WORK REQUIRED: Where the line holding "Commemorative sculpture" appears, start copying, and continue exactly through the last line of the listing, skipping pictures.

DATA SHOWN:

::::::::::

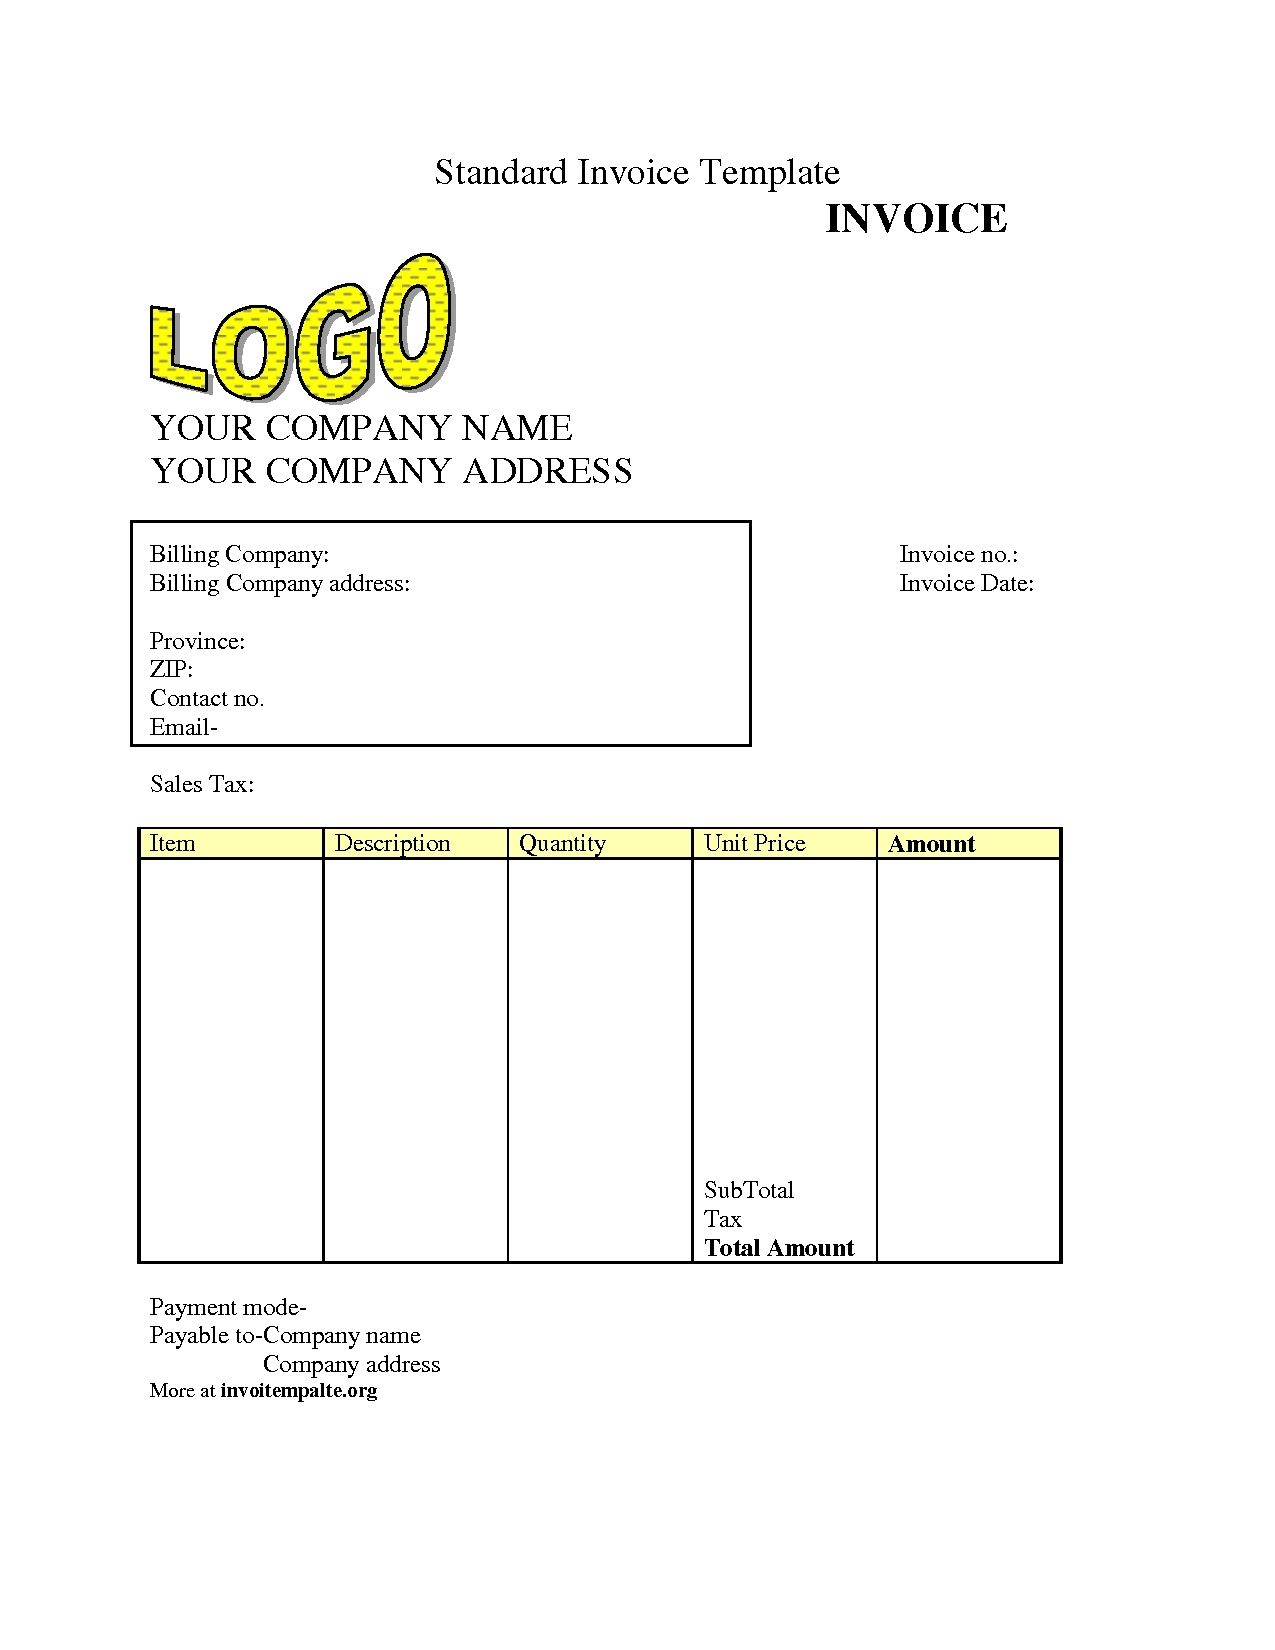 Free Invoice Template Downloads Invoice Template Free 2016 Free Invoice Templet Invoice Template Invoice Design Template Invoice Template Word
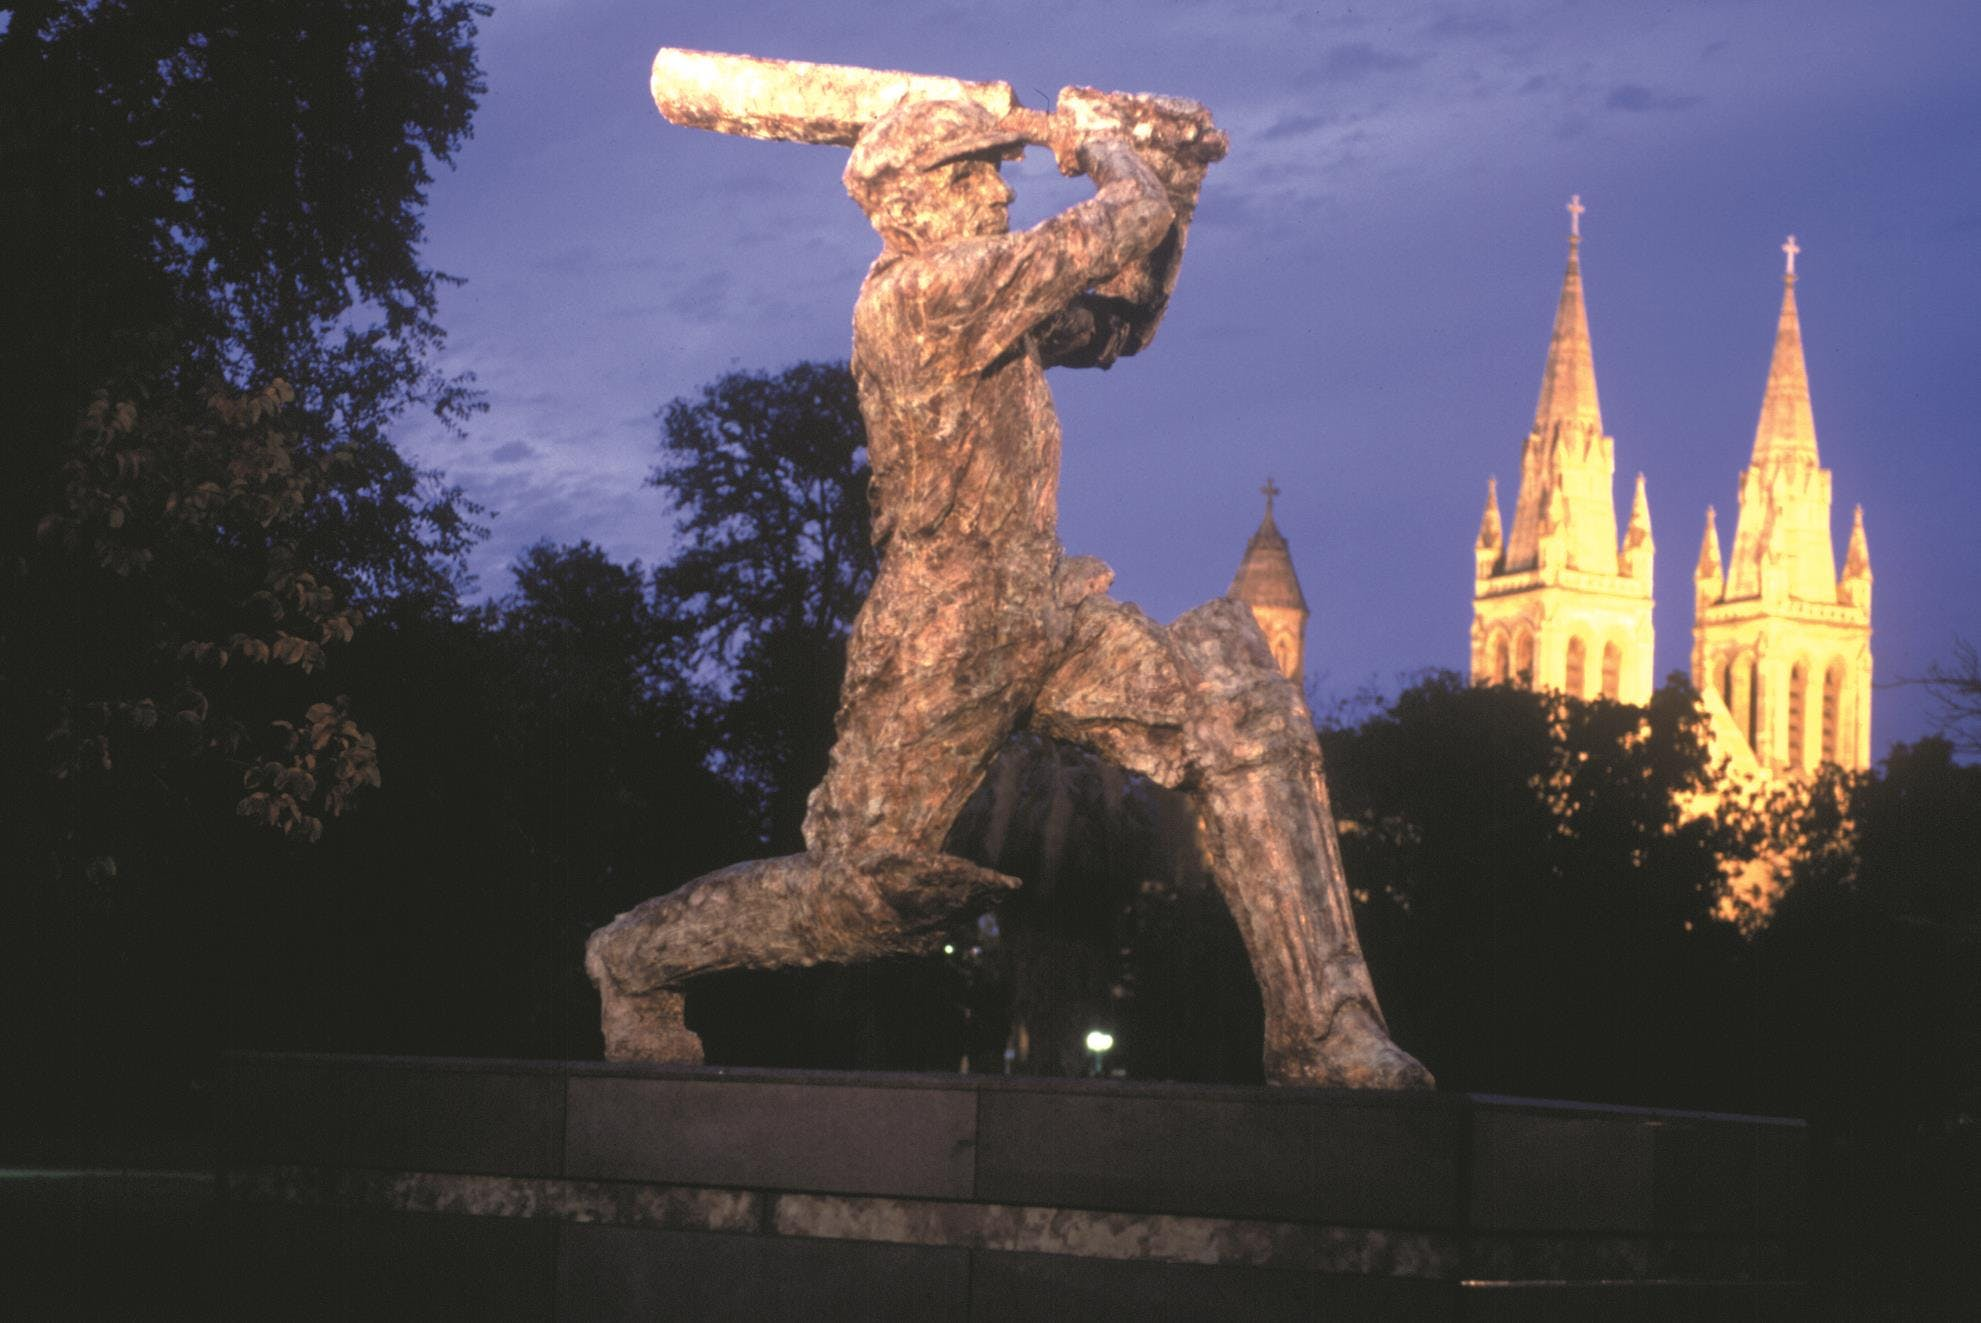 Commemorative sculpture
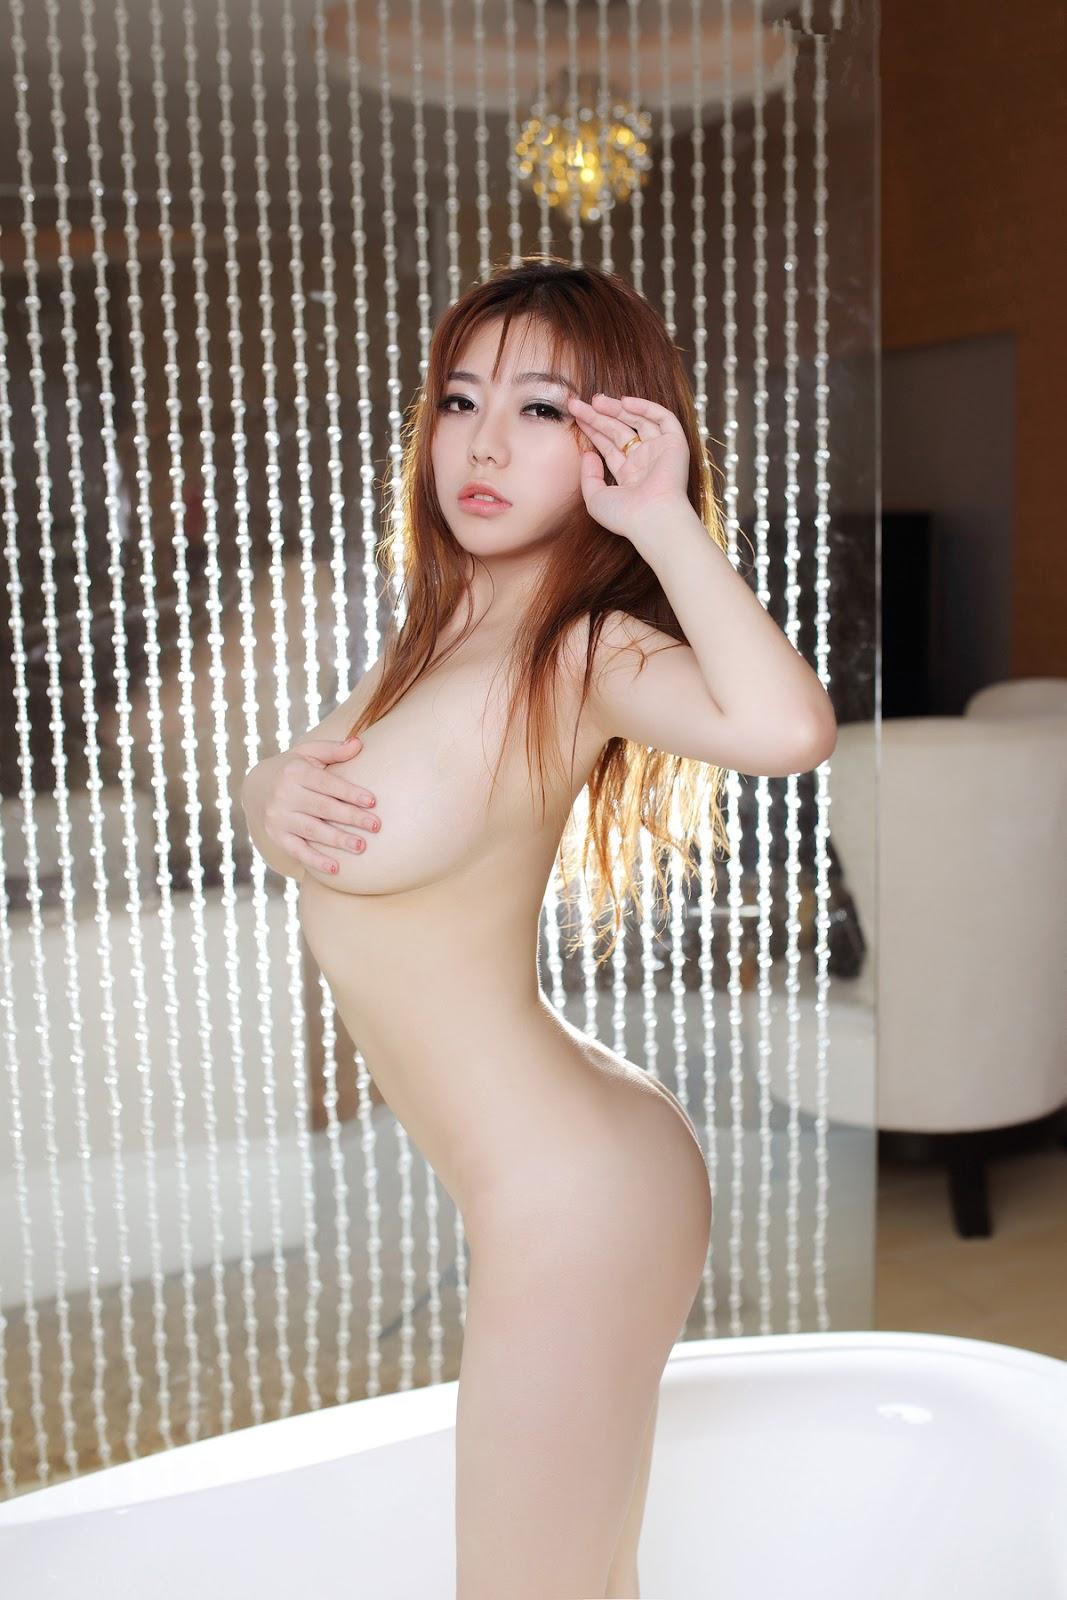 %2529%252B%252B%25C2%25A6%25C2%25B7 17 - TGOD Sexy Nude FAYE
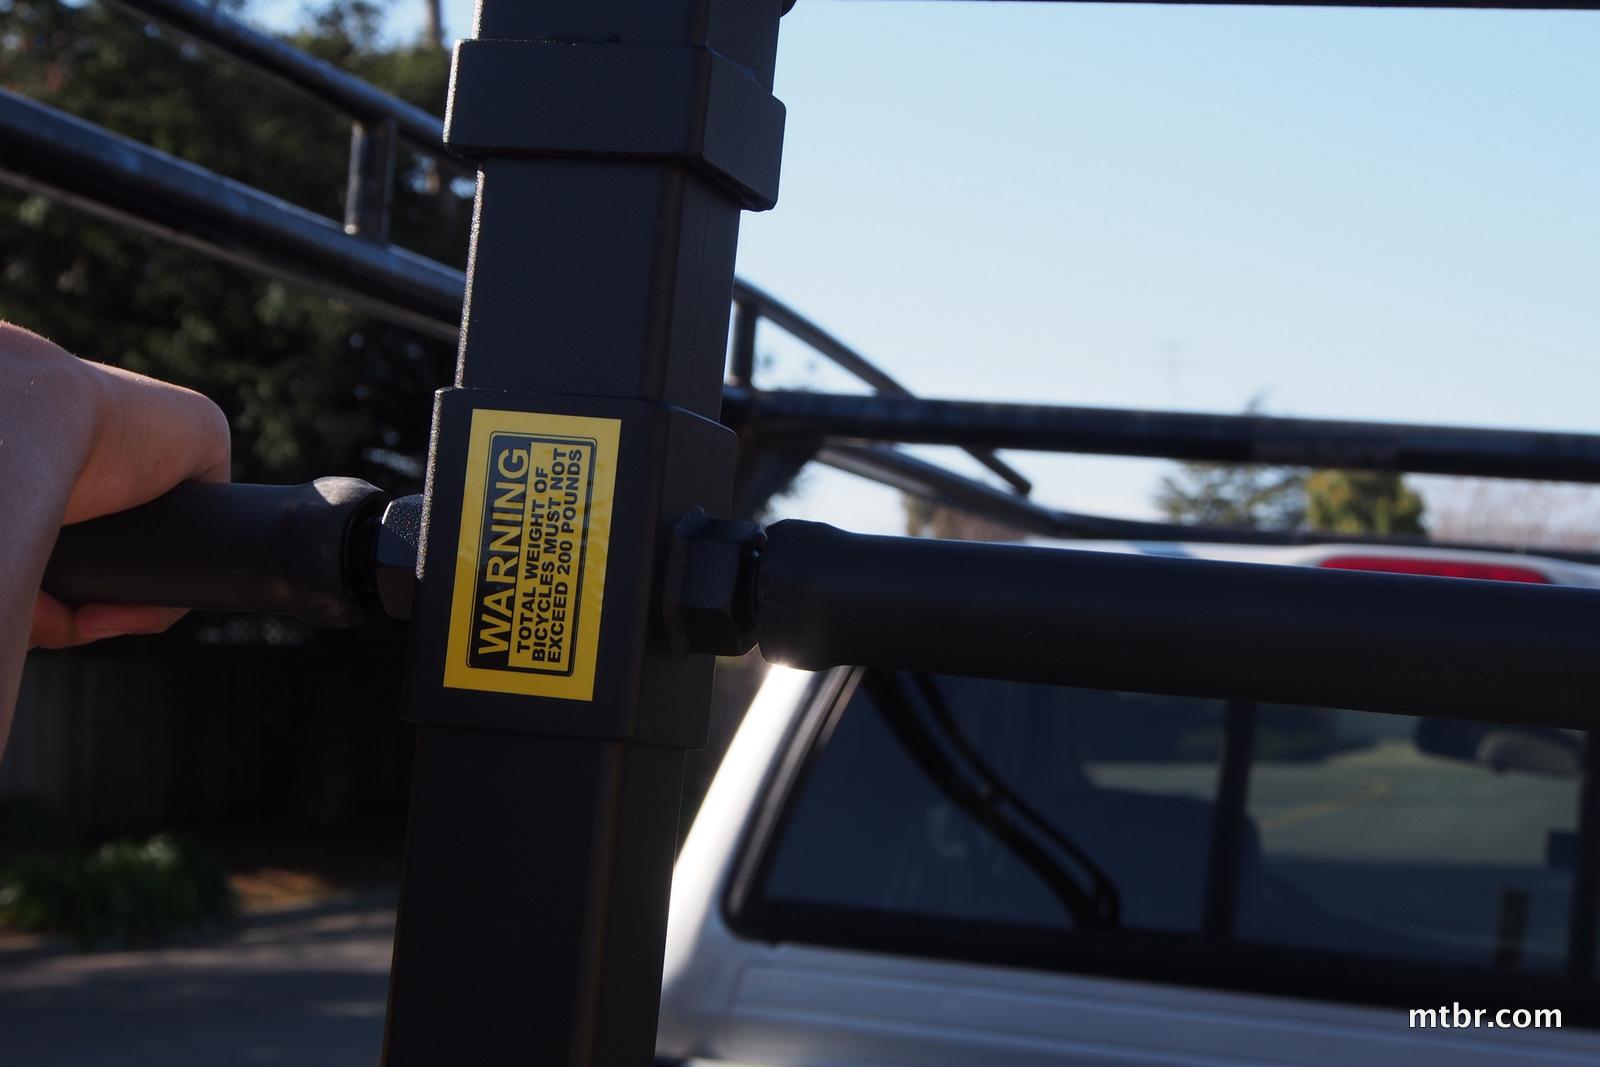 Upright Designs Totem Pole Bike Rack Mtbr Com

::::::::::

ANSWER SPACE:
 Commemorative sculpture
 %2529%252B%252B%25C2%25A6%25C2%25B7 17 - TGOD Sexy Nude FAYE
 Upright Designs Totem Pole Bike Rack Mtbr Com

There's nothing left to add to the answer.